W.Va. State Treasurer Moore makes presentation
FAIRMONT, W.Va. – State Treasurer Riley Moore on Monday presented a check worth more than $20,000 to the Marion County Sheriff’s Department – proceeds generated from the Office’s recent unclaimed property firearms auction.
Treasurer Moore presented the check totaling $20,695.50 to department, which plans to use the funds to help purchase investigative tools and a new training facility.
“This auction allows our Office to take unused or outdated firearms sitting in law enforcement storage rooms or evidence lockers and generate revenue for local agencies to use to pay for new equipment, facilities or training programs,” Treasurer Moore said. “We’re proud to partner with agencies like the Marion County Sheriff’s Department to better equip the men and women who put their lives on the line every day to protect and serve our communities.”
“This program benefits not only law enforcement by supplementing budgets but by getting guns out of the criminals’ hands and into the hands of responsible gun owners,” Marion County Sheriff Jimmy Riffle said. “Thank you again Treasurer Moore for this and all you do for West Virginia.”
West Virginia’s Unclaimed Property Code allows state and local law enforcement agencies to turn over any unclaimed, seized or outdated firearms into their possession to the State Treasurer’s Office for auction. The proceeds can then be returned to the submitting agency for use.

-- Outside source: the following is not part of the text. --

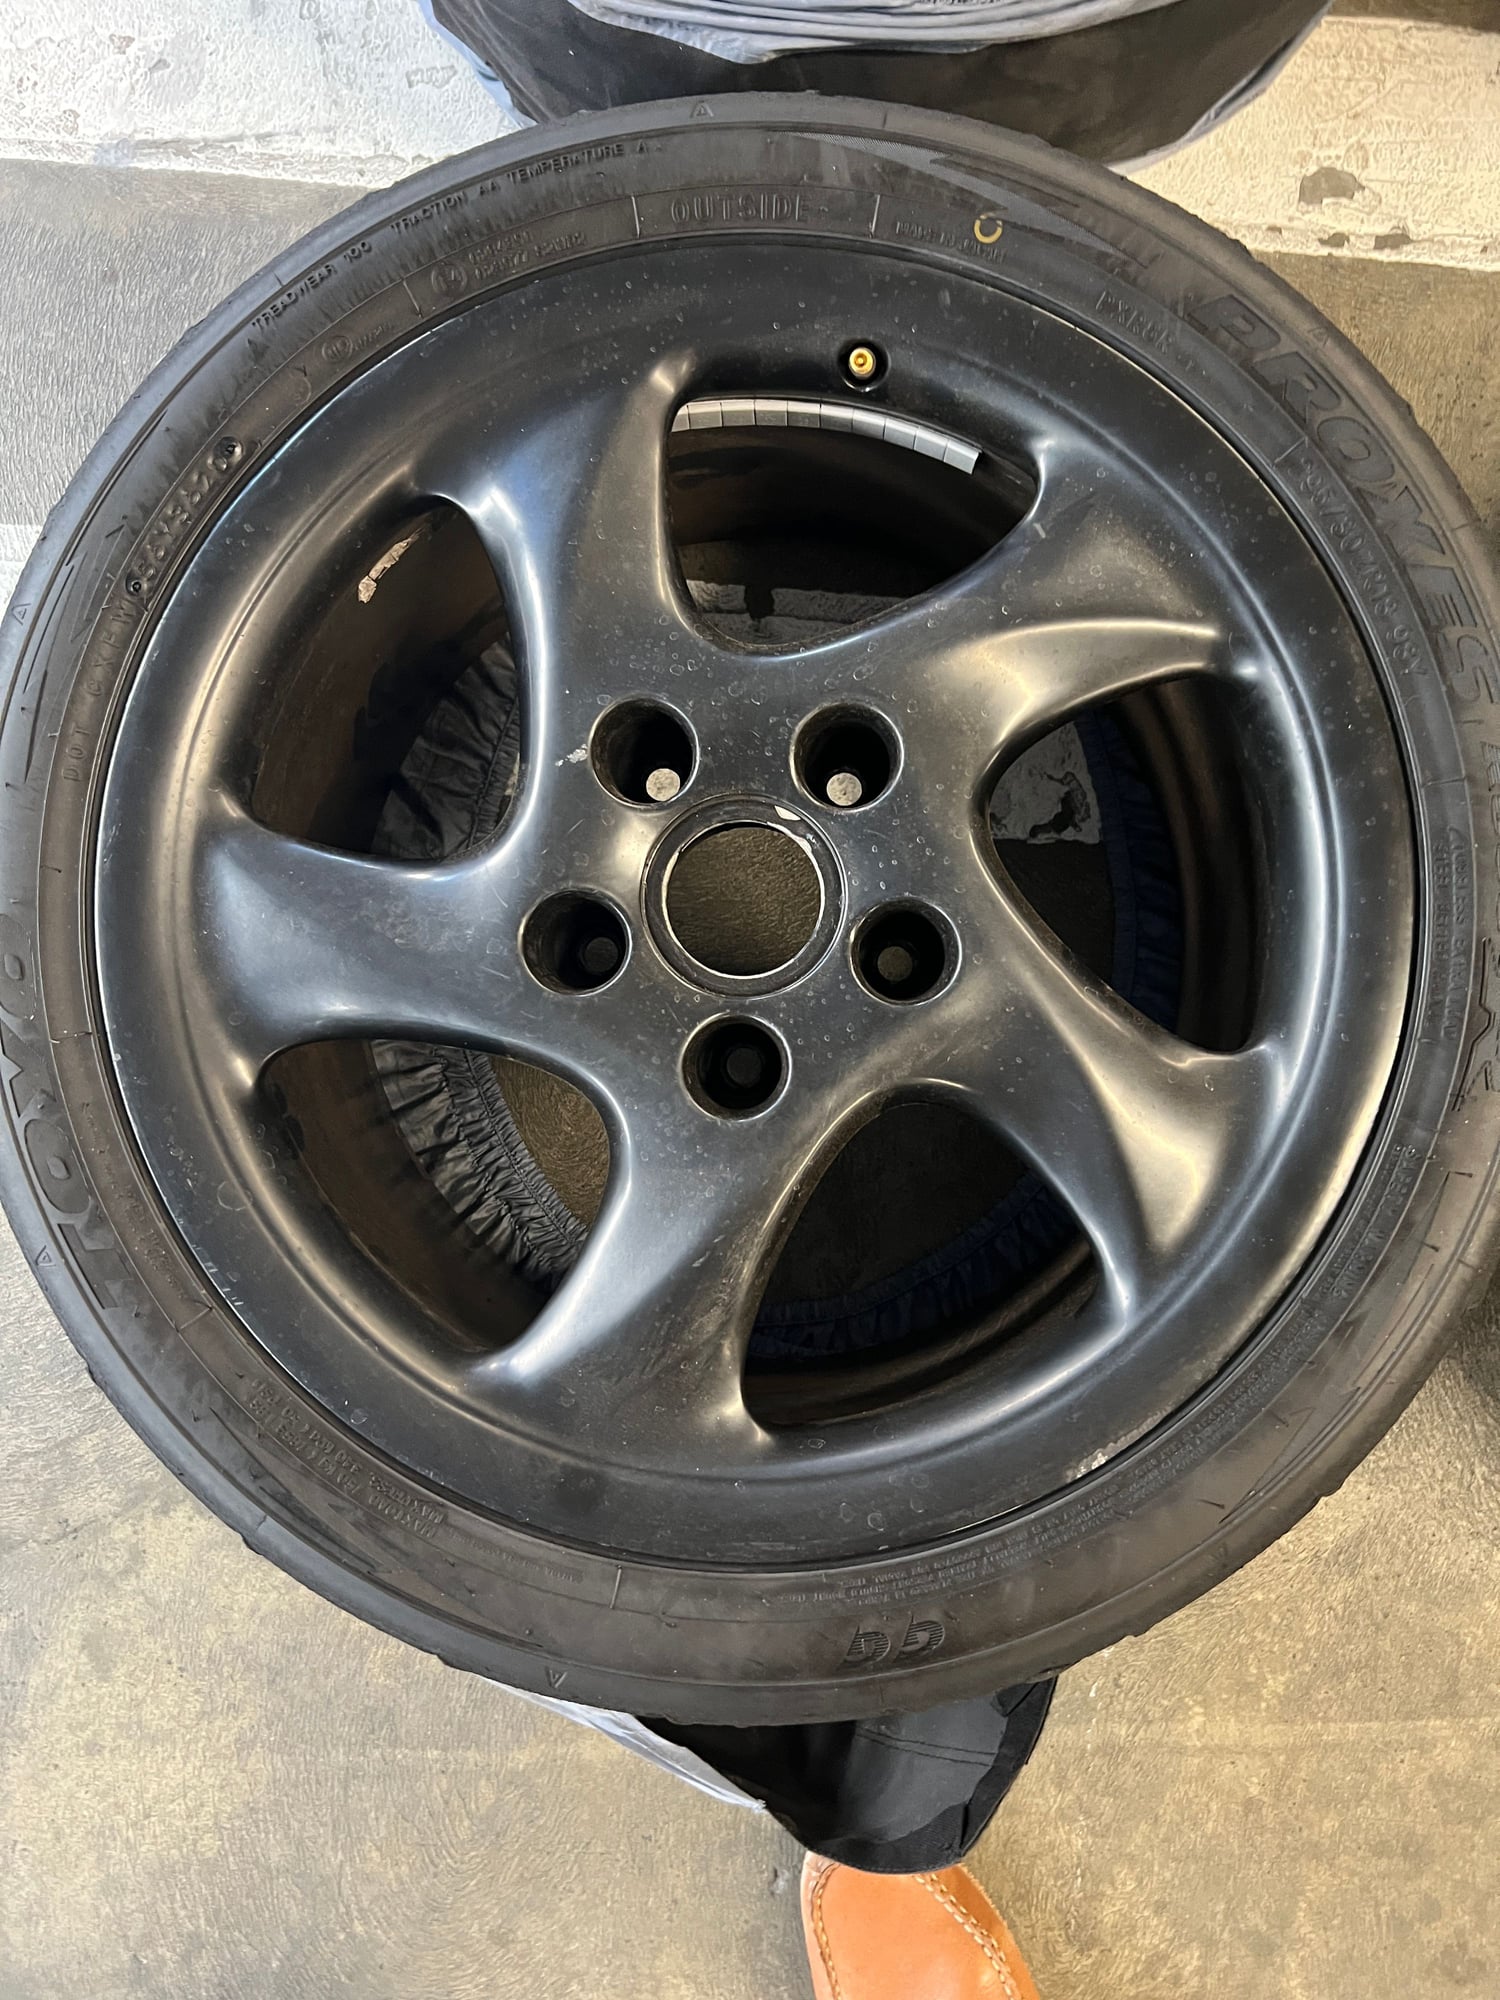 Wheels and Tires/Axles - Black Rims with Tires - Used - 2001 Porsche 911 - El Segundo, CA 90245, United States

These include weapons that are older and no longer used by a department, or that have been seized during the commission of a crime and sitting in evidence rooms for an extended amount of time following the disposition of a case. They can also include weapons taken from individuals who are not legally allowed to own firearms.
Once law enforcement certifies they cannot find a lawful owner of the firearms, they can be turned over to the Treasurer’s Office for auction. In order to participate in the auction, bidders must be a valid, licensed federal firearms dealer.
More than 60 federally licensed firearms dealers attended this year’s auction, which was held July 22 in Charleston and raised a record of nearly $140,000 in proceeds.
In addition to the Marion County Sheriff’s Department, other law enforcement agencies that benefited from the event included sheriff’s departments from Cabell, Jackson, Kanawha and Wyoming counties; the Lewisburg, Montgomery, New Martinsville, Nitro, Parkersburg and South Charleston city police departments; the Marlinton, Moorefield, Parkersburg, Union and Weston State Police detachments; and Division of Natural Resources detachments in Farmington and Romney.